Since voltage determines an electron's energy, why is it current rather than voltage that is harmful? Electrons have more energy with higher voltage so it seems that voltage would be what actually determines how harmful it is, because it would have more energy to lose.
 A: The phrase "it's the current that kills, not the voltage" is vastly oversimplified and ambiguous.
James' answer details why current flowing through your body is a bad thing, so I'm going to focus on why I dislike this phrase.
For starters, to get a current to flow through your body in the first place, a sufficiently high voltage is necessary. After all, humans aren't incredibly conductive, so the electrons in your body aren't going to start moving without a reasonable potential. That's why you don't have to put on a bunch of protective gear every time you change your car battery-- even though it can easily output hundreds of amps, its paltry 12 volts can't push a dangerous current through your body (Also, as a word to the wise: low voltage, high current supplies can still cause injury. My electronics teacher was always fond of telling a story about how his friend was working on such a supply while wearing a ring, and at one point his wrench on one terminal touched the ring which was contacting the other terminal, and the resulting high current through the ring heated it up and caused him to lose the finger). So, my correction #1 to the phrase would be "but a voltage is required to induce a current".
But even this isn't the whole story, as different voltage sources behave differently under load. For instance, static electricity isn't usually dangerous because even though the voltage is high enough to push a significant current through your body, it very rapidly decreases as it discharges, and the time span is short enough to avoid any real damage. But if you go out and grab two different phases of a 480 VAC mains power source (note: don't do this), the line to line voltage will pretty much be unchanged by your addition to the circuit, and it will continue to push the same current through you indefinitely. So my addition #2 would be "Current alone does not guarantee lethality; the duration of this current and total energy delivered to your tissue also play a crucial role. Since different power sources behave differently under load, the danger of a given setup must be analyzed on a case by case basis."
As you might be able to tell, writing pithy rules of thumb isn't my strong suit :)
EDIT As freecharly pointed out, current in the body is primarily carried by ions, not electrons, and the low conductance has to do with how many of them there are.
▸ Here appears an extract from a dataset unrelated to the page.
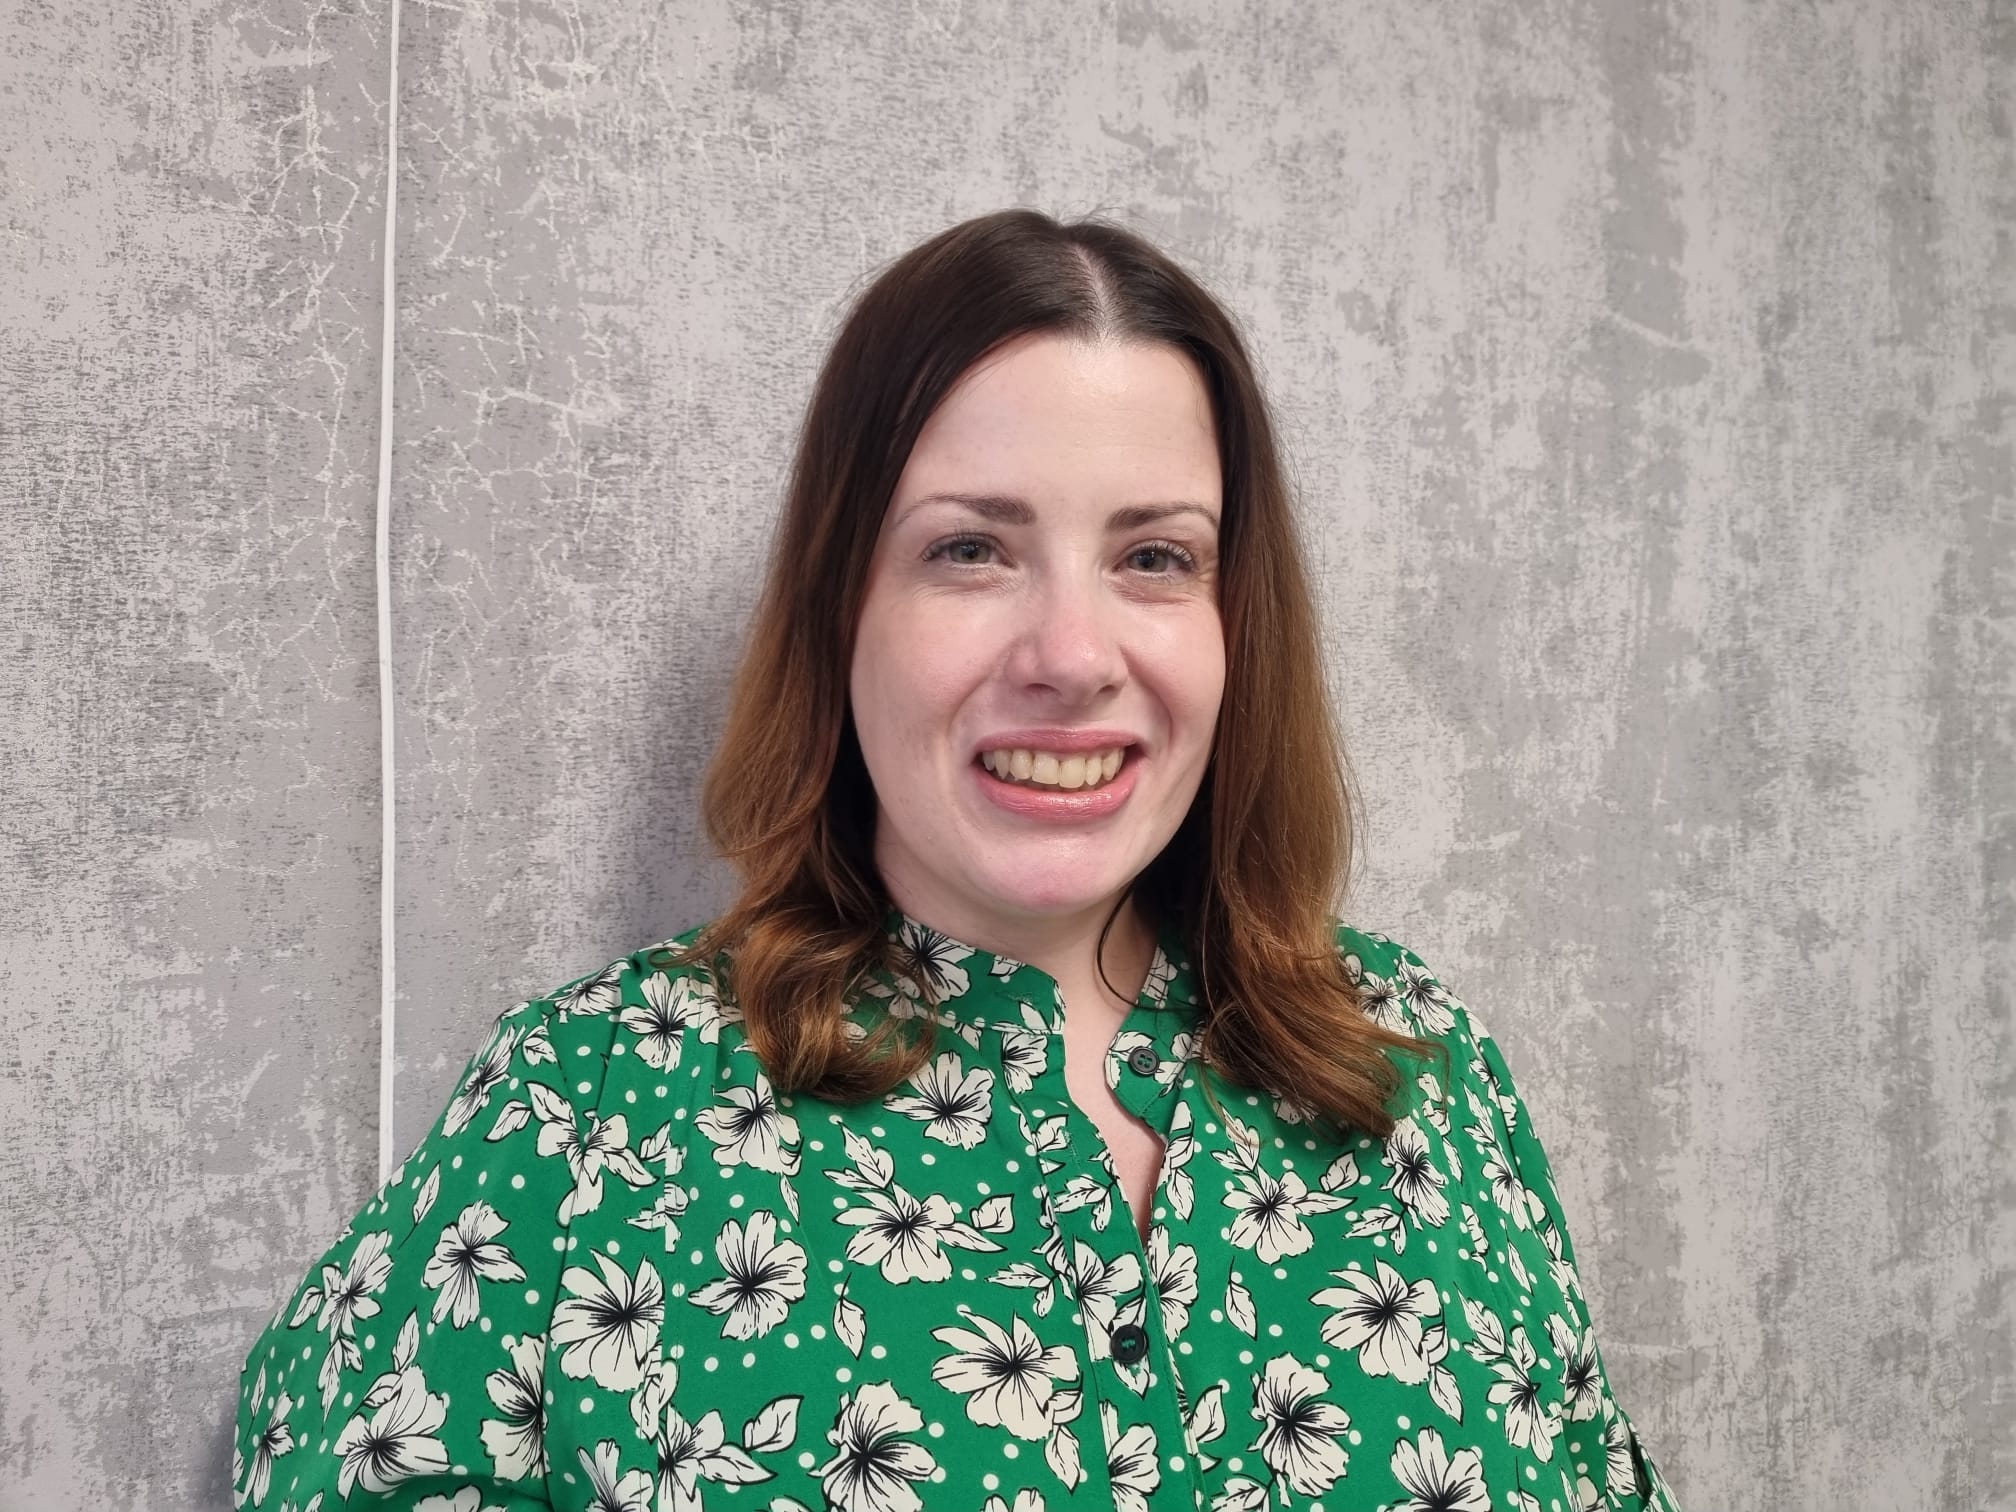 Federation of Small Businesses appoints Stacey Dingwall as head of policy for Scotland

But the main point of the paragraph still holds: you can't induce a dangerous current flow through the body without a high enough voltage.
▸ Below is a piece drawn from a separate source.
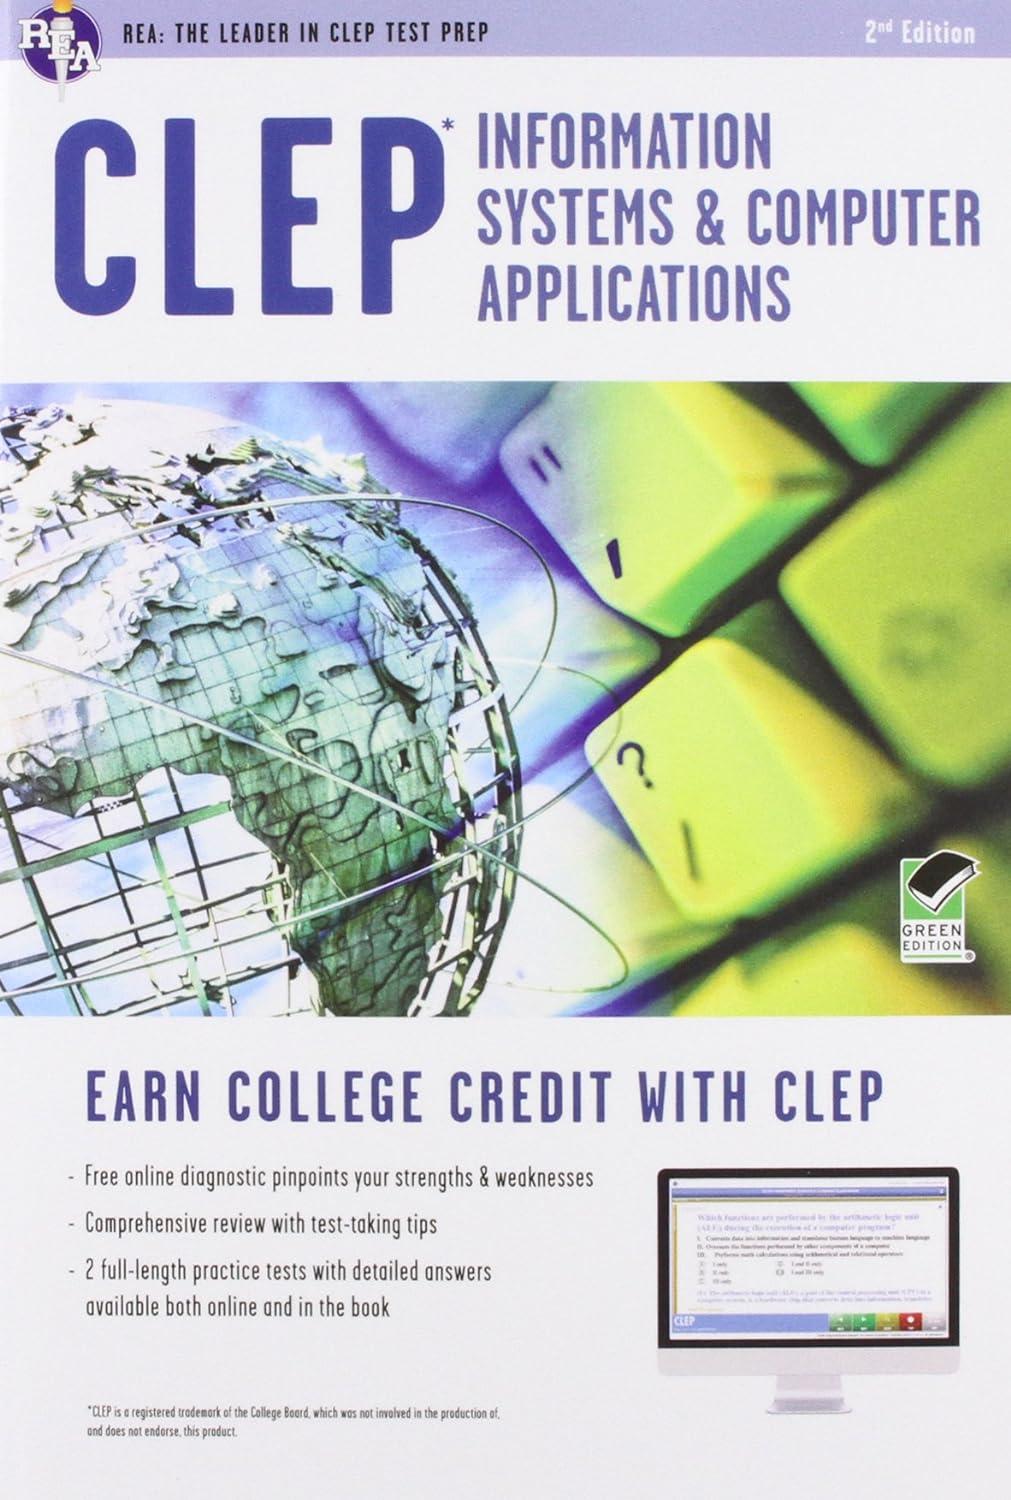 clep information systems and computer applications 2nd edition naresh dhanda 978-0738610368

A: Voltage is analogous to force.  Just because a force is acting on an object, that does not necessarily mean that the object will move.
Current is motion:  It is the motion of charges, and in an ionic solution (e.g., in your body tissues), the charge carriers are ions. Current causes ions to move, which means, it causes chemical reactions to occur.
All of your life processes are chemical reactions, and the flowing current messes with that.  In particular, the function of your nervous system depends on the movement of ions.  Flowing current through your body tissues messes with that a lot.  If the nerve signals that are disrupted happen to be part of your body's cardiac pacemaker system, it could put that system into an abnormal state in which your heart does not beat.
That usually is bad. 
A: There are two main ways electricity harms the body. First, the human nervous system uses electrical signals to communicate. An external source of electricity can hijack this messaging system. If cardiac signals are disrupted, this can be fatal.
Electricity also can harm through raw power; as electricity flows through the body, energy is dissipated by the current and absorbed by the body. This can cause serious burns.
The first type of damage can occur with very low voltages, but is highly dependent on the location; being tazed in the foot is lot less dangerous than being tazed in the chest. The second depends on the power dissipated, and so both current and voltage are important, but current is largely determined by voltage. 
You can also have a combination; an electrical current can cause muscles to spasm, making it impossible to let go of a wire, causing burns.